Merton se preguntó a quién habría que censurar; quizás un yate había tratado de ensombrecer al otro y no había completado la maniobra antes de entrar ambos en la oscuridad. Y no había tampoco nada que pudieran hacer; iban convergiendo, lenta, pero inexorablemente, incapaces de variar el rumbo ni una fracción de grado.

Sin embargo... ¡sesenta y cinco minutos!Eso les sacaría de nuevo a la luz del Sol, al salir de la sombra de la Tierra. Aún tenían una ligera probabilidad, si es que sus velas podían captar la energía suficiente para evitar la colisión. A bordo del Arachné y del Santa María sus tripulantes debían estar entregados a frenéticos cálculos.

El primero en responder fue el Arachné y su contestación fue exactamente la que Merton había esperado.

—Número Seis llamando a Control. No necesitamos ayuda, gracias. Resolveremos al situación nosotros mismos.

"Me extraña", pensó Merton. Pero al menos sería interesante presenciarlo. El primer drama real de la carrera se estaba aproximando... exactamente sobre la línea de medianoche de la durmiente Tierra.

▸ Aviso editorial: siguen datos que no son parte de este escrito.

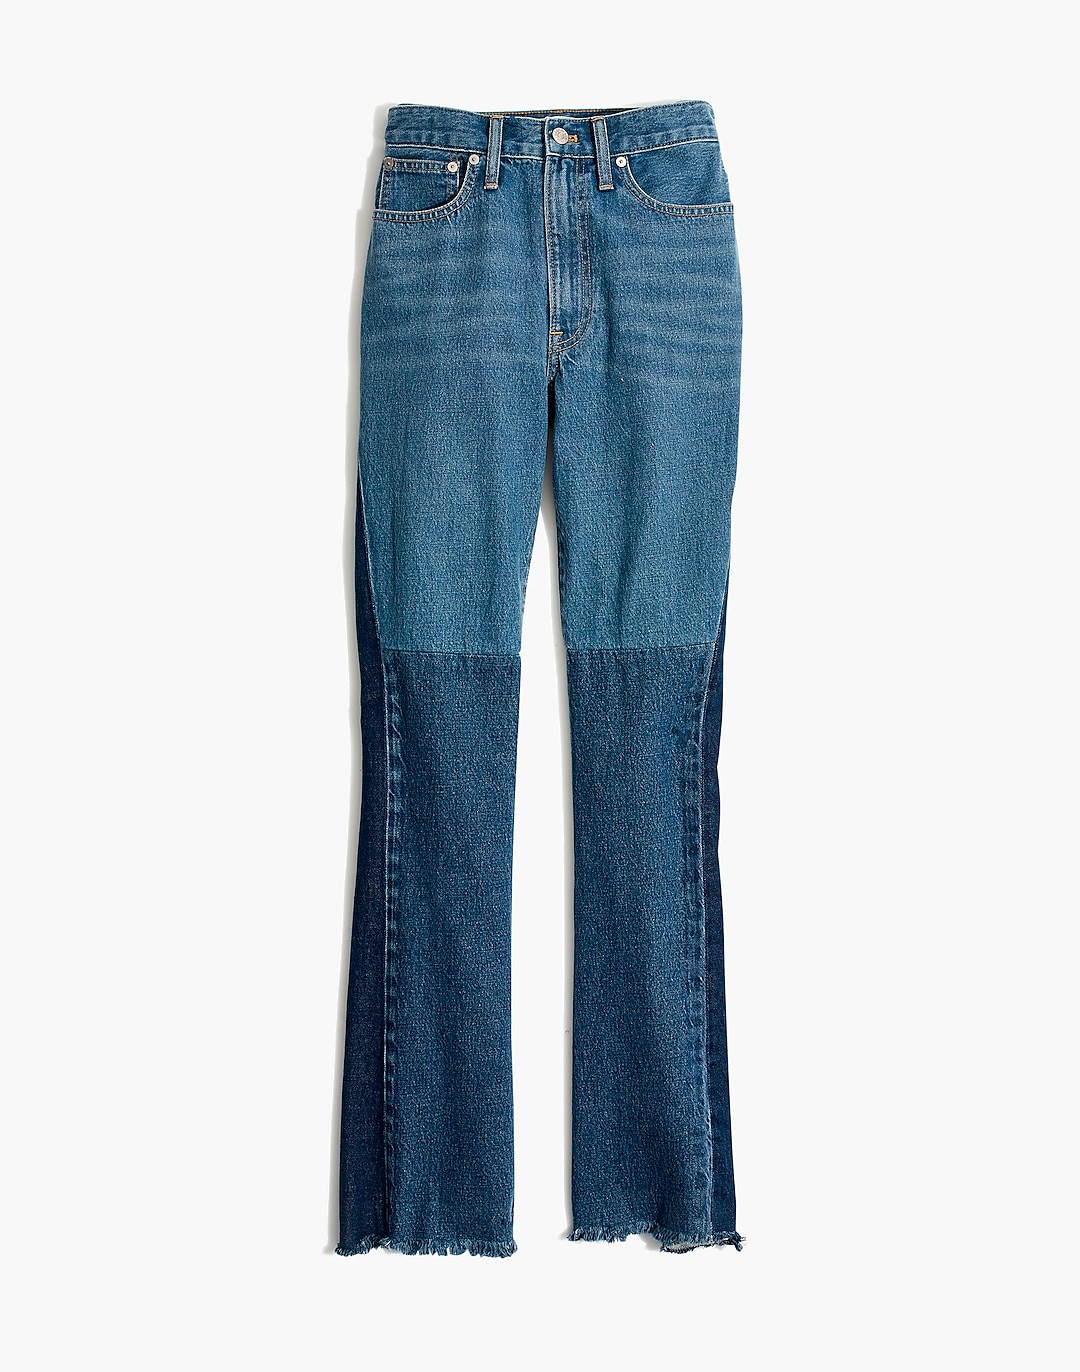 Madewell x ISKO™ Patchwork Rigid Flare Jeans

Durante la hora siguiente, su propia vela mantuvo a Merton demasiado ocupado como para preocuparse del Arachné y del Santa María. Resultaba difícil gobernar bien aquellos cincuenta millones de pies cuadrados de plástico inmerso en ]a oscuridad e iluminado sólo por su pequeño reflector y los rayos de la aún distante Luna. De ahora en adelante y durante casi media órbita en torno a la Tierra, debía mantener toda aquella inmensa superficie enfocada hacia el Sol. Durante las próximas doce a catorce horas, la vela sería un estorbo inútil, porque él se hallaría proa al Sol y sus rayos únicamente podían impulsarle hacia atrás, a lo largo de su órbita. Era una lástima que no pudiese plegar completamente la vela hasta estar en condiciones de emplearla de nuevo. Pero nadie había descubierto todavía una manera práctica de hacerlo.

Allá abajo despuntaba la primera pincelada del alba, a lo largo del borde de la Tierra.

Dentro de diez segundos emergería el Sol de su eclipse y los yates que iban deslizándose por el impulso adquirido cobrarían nueva vida en cuanto la ráfaga de radiación alcanzara sus velas. Este sería el momento de crisis para el Arachné y el Santa María... y, en realidad, para todos.

Merton giró el periscopio hasta detenerse en las dos sombras que marchaban a la deriva con las estrellas por fondo. Ambas embarcaciones estaban muy juntas... quizás a una distancia entre sí de menos de tres millas. Podría, pensó, reequilibrarse la situación.

El alba fulguró como una explosión a lo largo de la Tierra, al levantarse el Sol sobre el Pacífico. Las velas y cabos y obenques brillaron carmesíes brevemente, para teñirse después de oro y destellar luego con la llamarada de la pura y blanca luz del día. Las agujas del dinamómetro empezaron a alejarse de su cero... pero sólo un poco. El Diana permanecía aún casi ingrávido pues, con la vela apuntando al Sol, su aceleración era ahora sólo de unas millonésimas de gravedad.